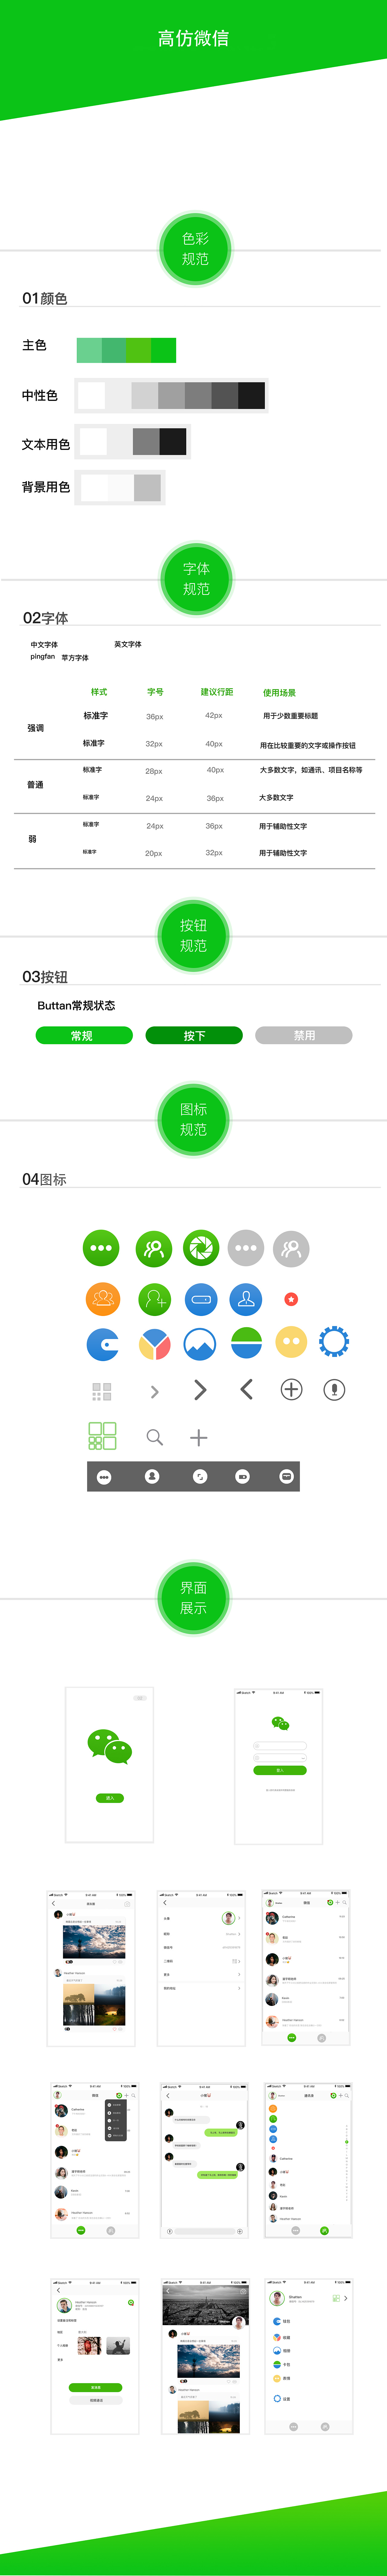 B0573-新版即时通讯社交社区聊天源码 Android IOS源码 仿微信
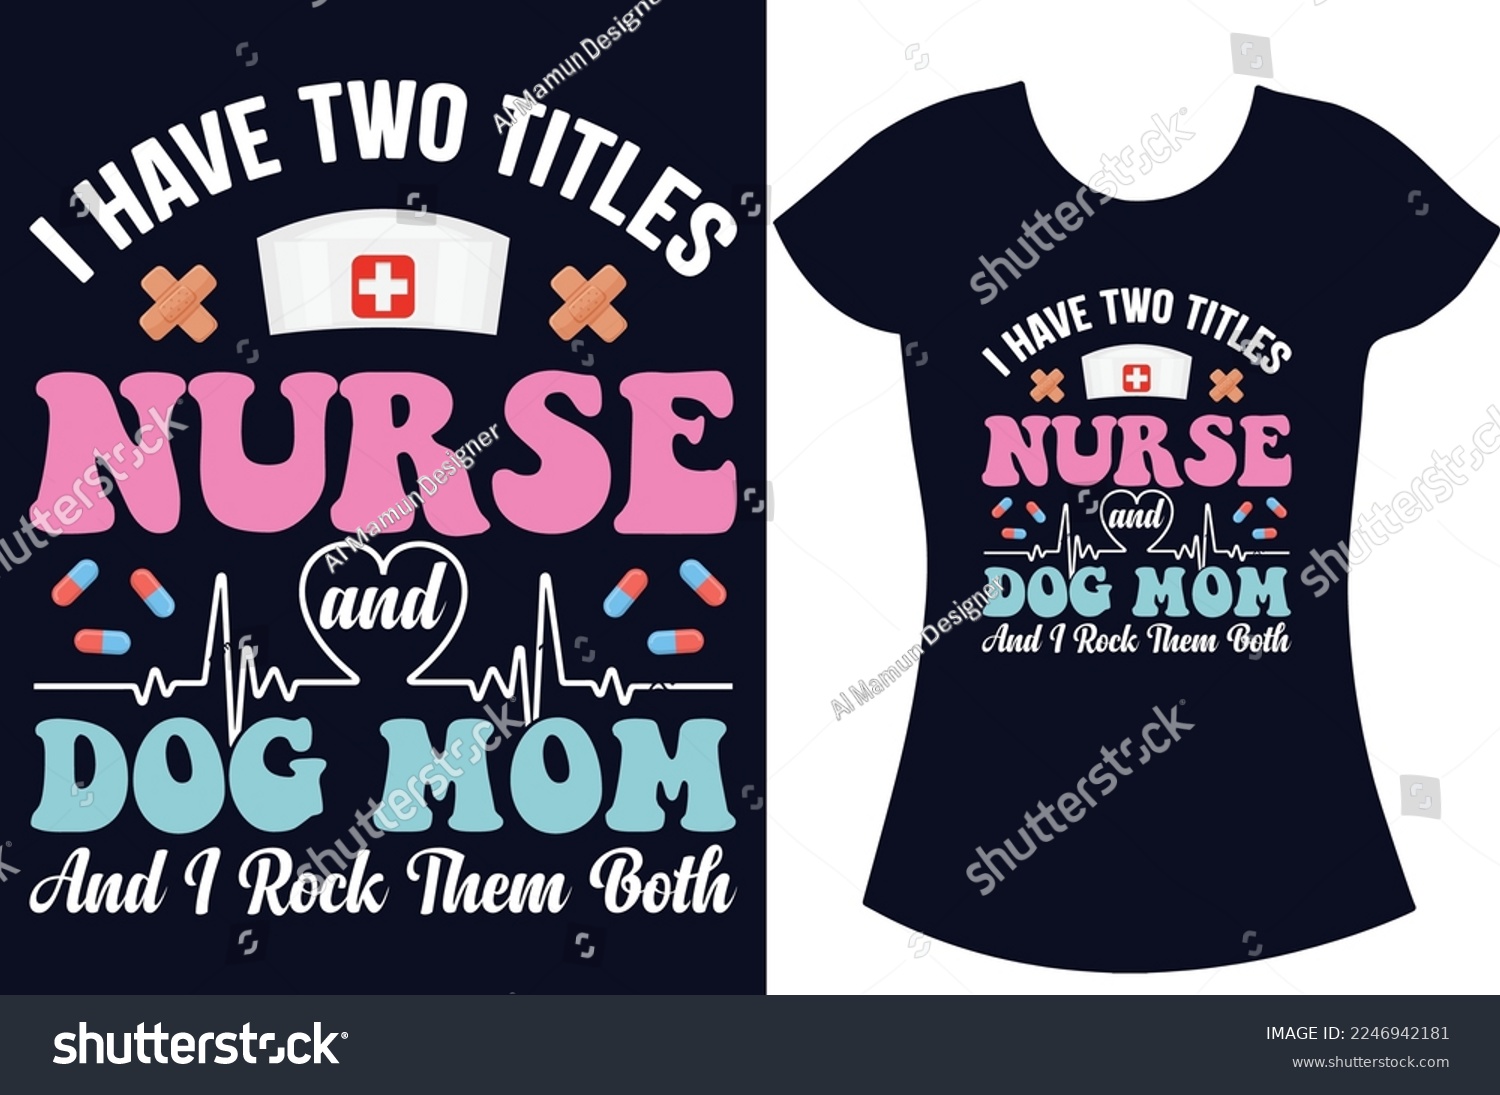 SVG of Nurse SVG typography t shirt design.Nurse shirt design, Retired-nurse and school nurse t shirt gift design. svg
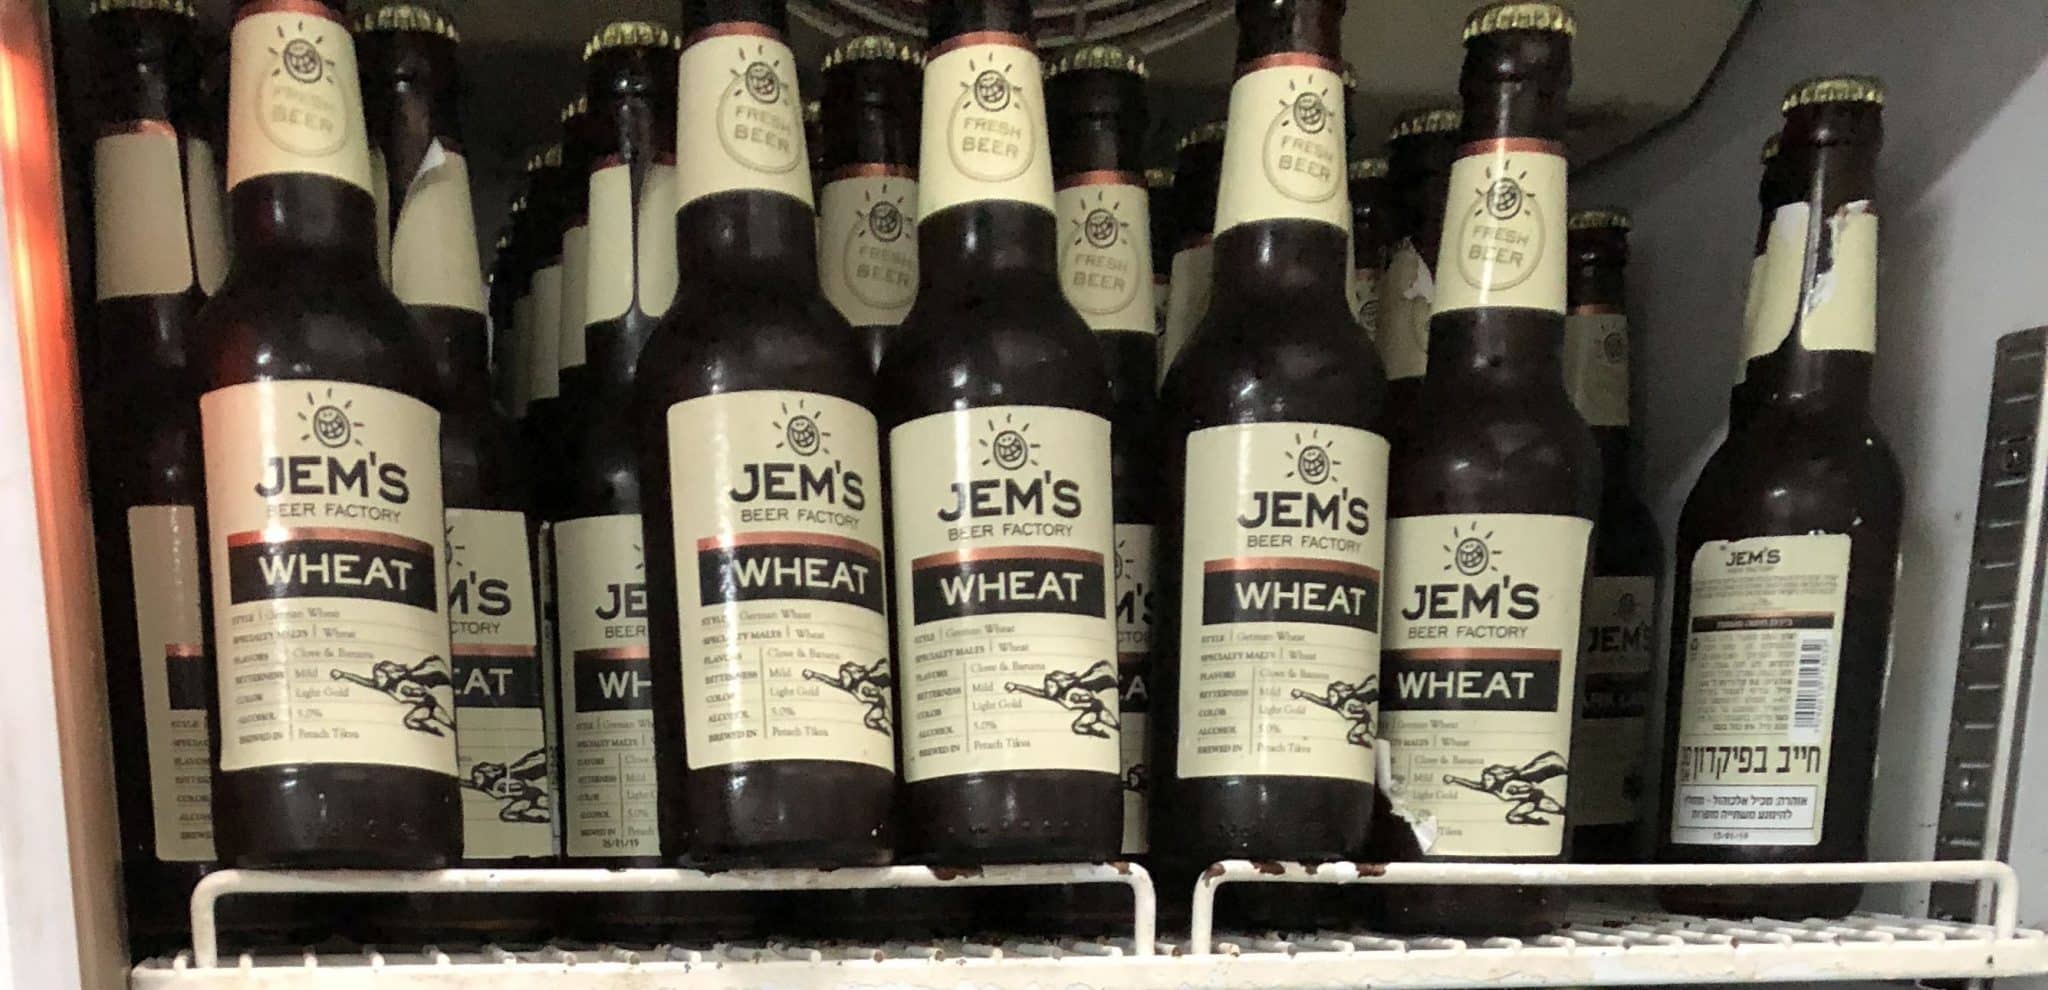 מפגשי העשרה עבור בעלי עסקים קטנים יתקיימו בסניפי Jem's Beer Factory ברחבי הארץ. צילום אמנון פאר

- _TASK REQUIREMENTS_: Your task is to reproduce all of the material exactly. The pictures stay out.

- _EXERCISE RESPONSE_:
 B0573-新版即时通讯社交社区聊天源码 Android IOS源码 仿微信
 SVG of Nurse SVG typography t shirt design.Nurse shirt design, Retired-nurse and school nurse t shirt gift design. svg
 מפגשי העשרה עבור בעלי עסקים קטנים יתקיימו בסניפי Jem's Beer Factory ברחבי הארץ. צילום אמנון פאר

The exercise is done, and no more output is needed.